# I made a Boob Cube (1x1x2) from LEGO



## PetrusQuber (Jan 12, 2020)

So yeah, the title says it all . I got the piece which swivels round, then attached blocks to both ends, and voila, mechanism done. Then I got some paper, painted it, and stuck it on for stickers. I’m planning to make it magnetic with the spare magnets from my GTS2M .


----------



## Parity Nightmare (Jan 12, 2020)

LOL!!!!!!!!!!!!!!!


----------



## PetrusQuber (Jan 12, 2020)

Anybody know why...the odd name?


----------



## Parity Nightmare (Jan 12, 2020)

IDK
it is weird tho.....


----------



## Tabe (Jan 12, 2020)

PetrusQuber said:


> Anybody know why...the odd name?


"Boob" is another word for idiot. It's a reference to the cube being so easy to solve and it rhymes.


----------



## PetrusQuber (Jan 12, 2020)

Tabe said:


> "Boob" is another word for idiot. It's a reference to the cube being so easy to solve and it rhymes.

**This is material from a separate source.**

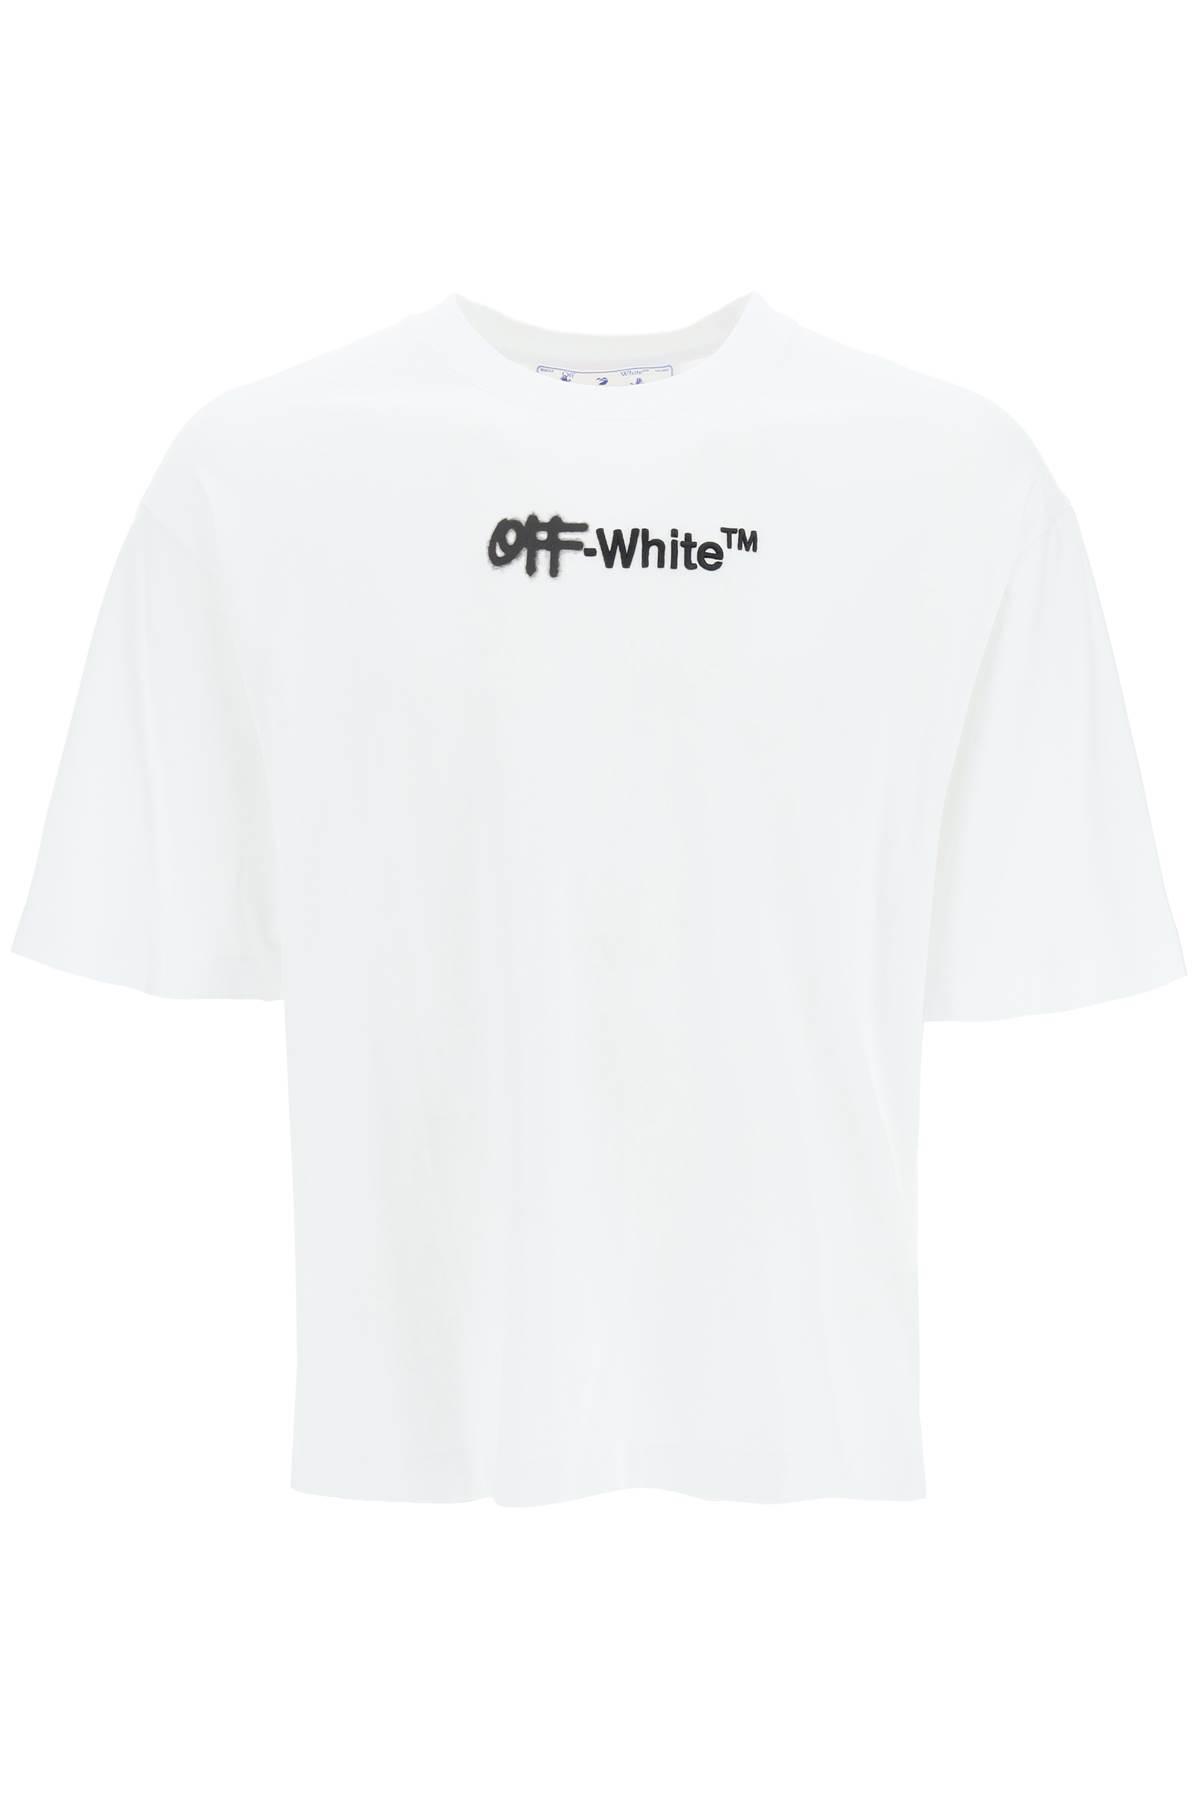 Off-White Spray Skate Oversized T-shirt

It’s harder than you think.........
By the way, I just magnetised it, and my +2 rate has gone up


----------



## ProStar (Jan 12, 2020)

PetrusQuber said:


> It’s harder than you think.........
> By the way, I just magnetised it, and my +2 rate has gone up



you mean down


----------



## Hssandwich (Jan 12, 2020)

That reminds me that I gave your brother a very poorly made Lego 1x1x1 many years ago!


----------



## PetrusQuber (Jan 12, 2020)

ProStar said:


> you mean down


Nah, I made it so it repelled the solved state 


Hssandwich said:


> That reminds me that I gave your brother a very poorly made Lego 1x1x1 many years ago!


Yeah, I found it while looking to see if I could find the remains of a 4x4 in boxes! I turned it into a stickerless cube, and put sellotape over it as a makeshift PVC coating.
It’s still on his shelf...


----------